The problem with subverting genre conventions is that it has become an end in itself. Not only in covers, but in art in general. And it shouldn't be that. It should be a consequence of people having some new ideas that go beyond the usual conventions.

When you have people trying to subvert genre conventions for the sake of it, at the end of day what you get is a pile of art that lacks distinctive style and looks strangely similar, the same way random noise textures look similar.

Does that mean that pulp covers should become some kind of mandatory standard? Not at all, but new styles should have some clear idea behind it, not just being new.
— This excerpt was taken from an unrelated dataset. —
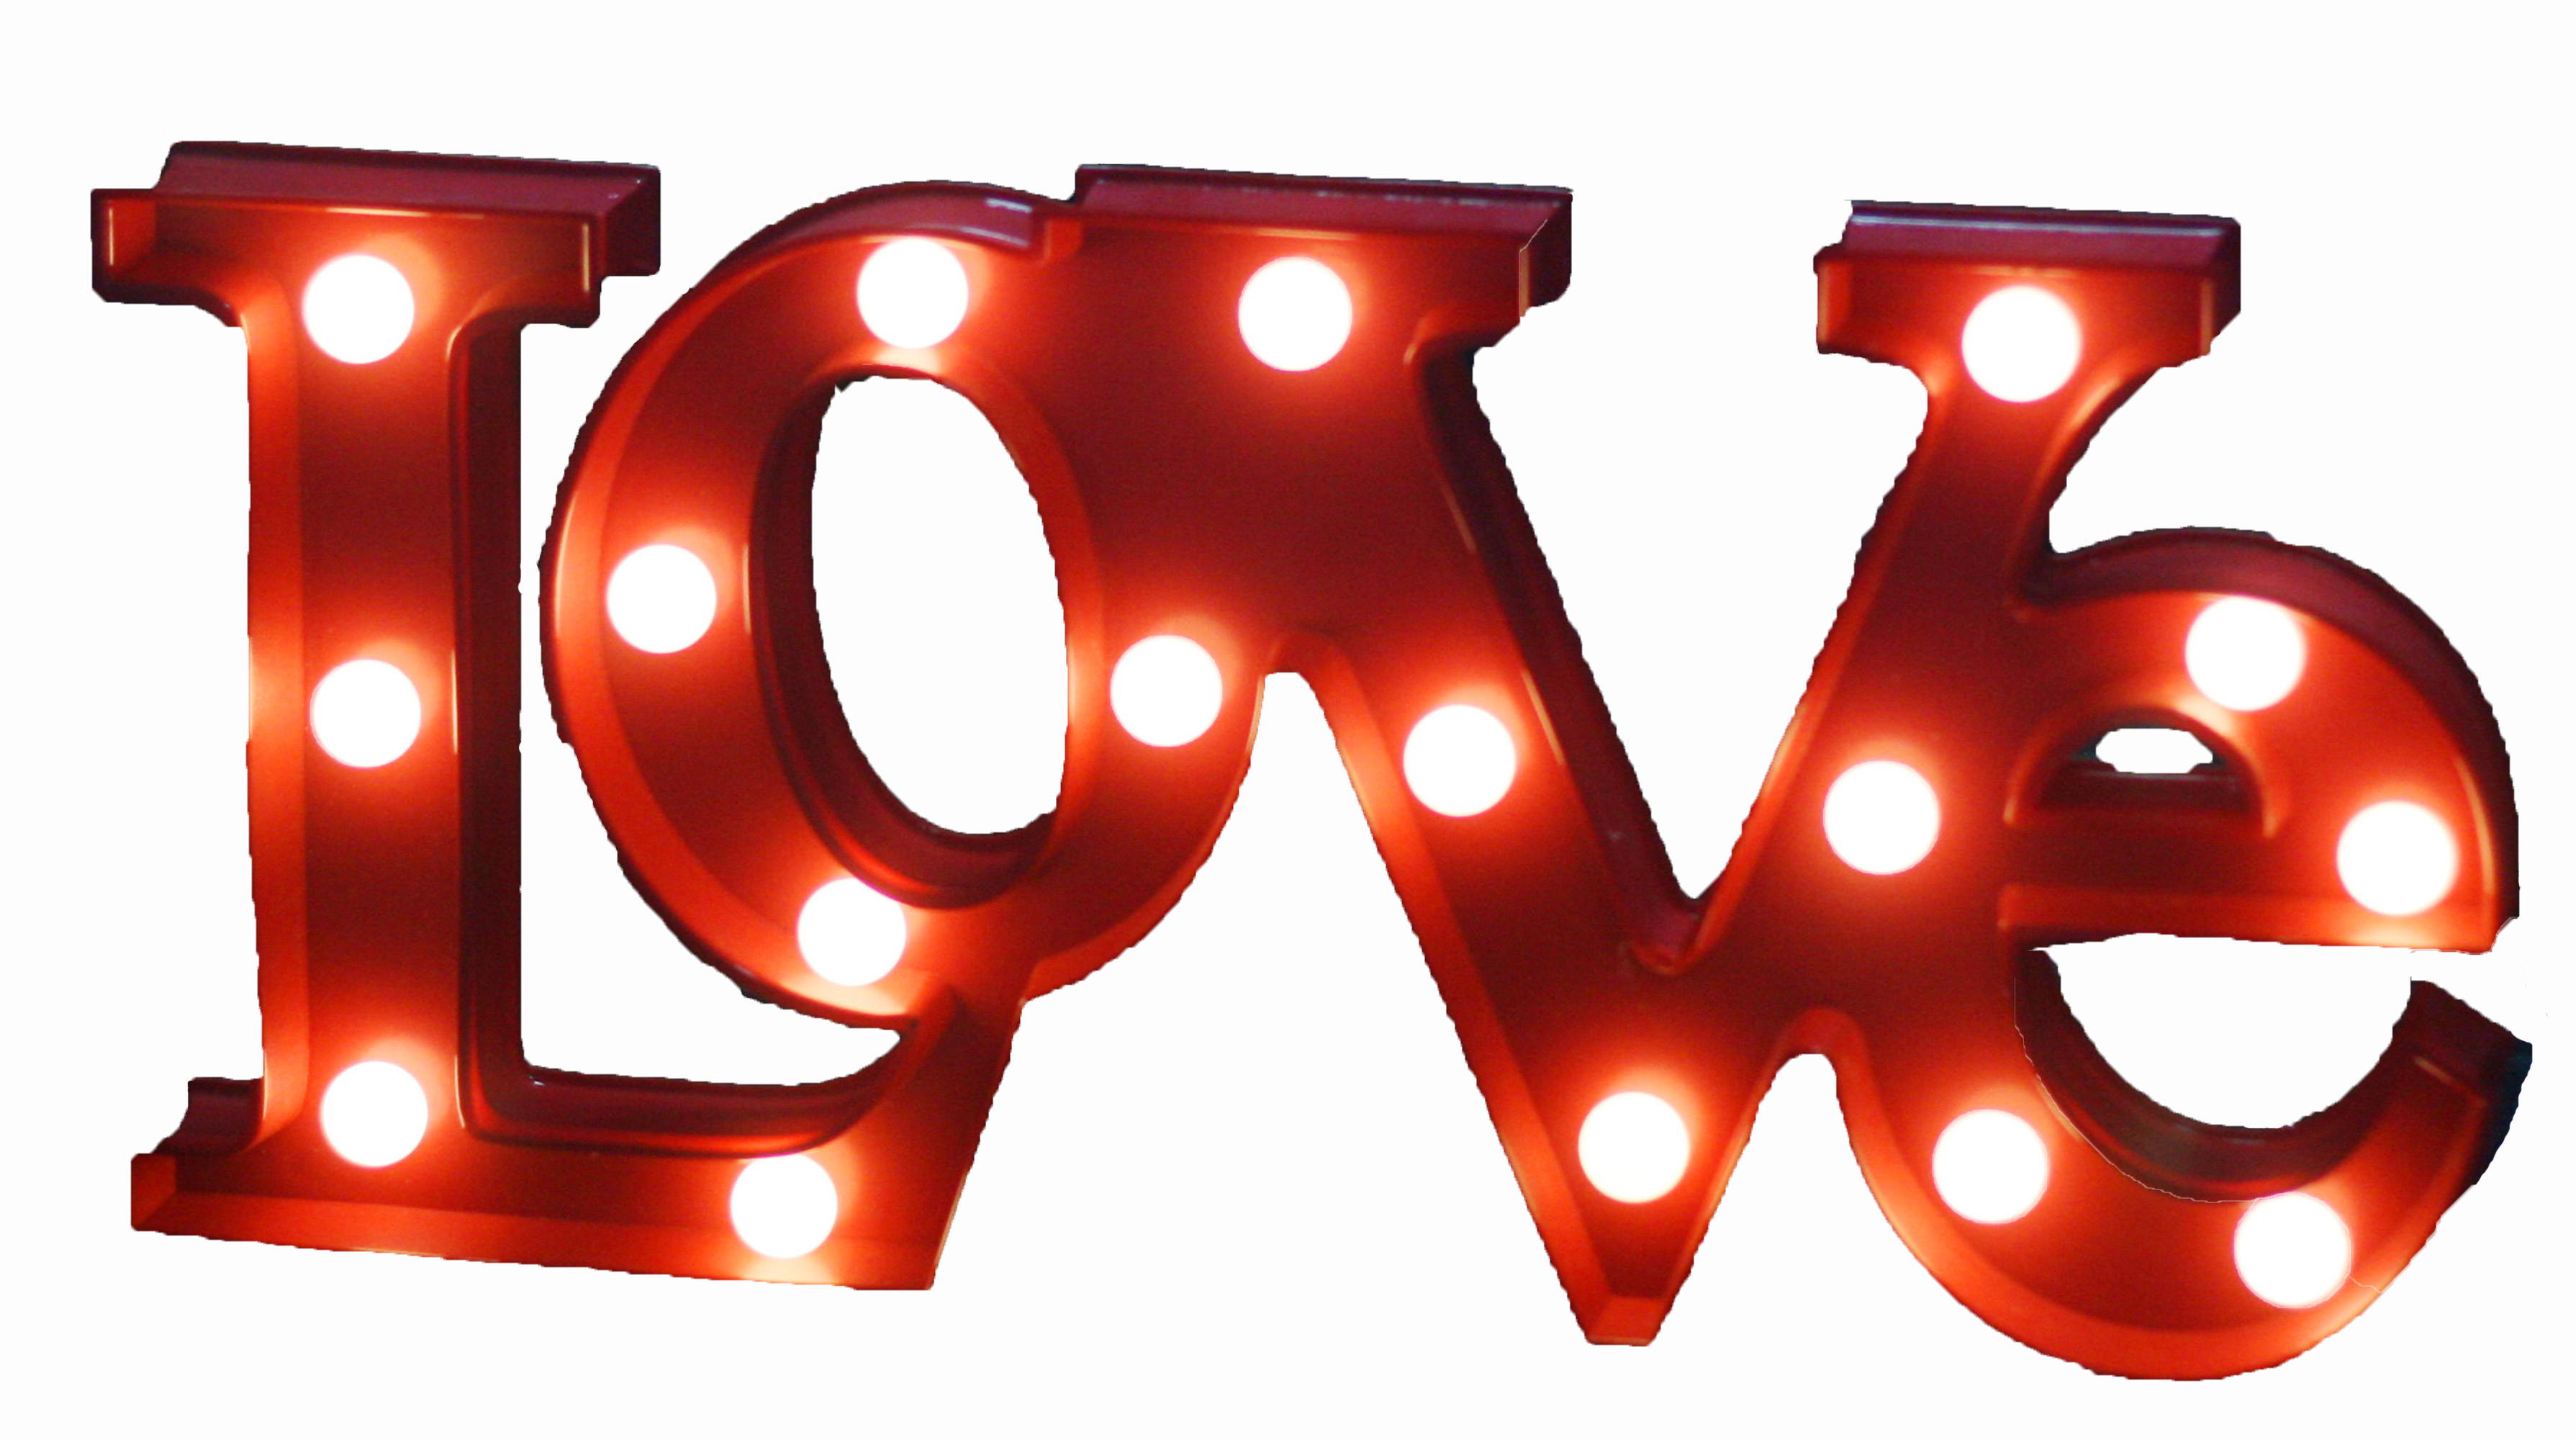 Creative Motion Industries Battery-Operated 17 Light Warmwhite Ball LED PLASTIC "LOVE" Light

During the 80s, for example, there was a trend in European scifi publishing that took inspiration in French and Belgium comic. Here are some examples published in Spain:
https://cloud10.todocoleccion.online/libros-segunda-mano-ciencia-ficcion-fantasia/tc/2016/09/19/09/60742543.jpg
https://cloud10.todocoleccion.online/libros-segunda-mano-ciencia-ficcion-fantasia/tc/2017/10/15/00/100405875.jpg
https://cloud10.todocoleccion.online/libros-segunda-mano-ciencia-ficcion-fantasia/tc/2015/07/04/21/50163520.jpg
https://www.ttrantor.org/mul/4/44029201.jpg
https://www.ebookelo.com/images/cover/50862.jpg

It was different. It was beautiful. It was useful giving info about both the genre and the story. And it had a distinctive style. You can compare for example the covers in Jerry Pournelle, the exact same novel both cases.
this is a pulp original - http://ecx.images-amazon.com/images/I/510BRQVJNCL.jpg
this is a comic inspired version - https://cloud10.todocoleccion.online/libros-segunda-mano-ciencia-ficcion-fantasia/tc/2013/12/06/21/40390671.webp

That's how you subvert conventions.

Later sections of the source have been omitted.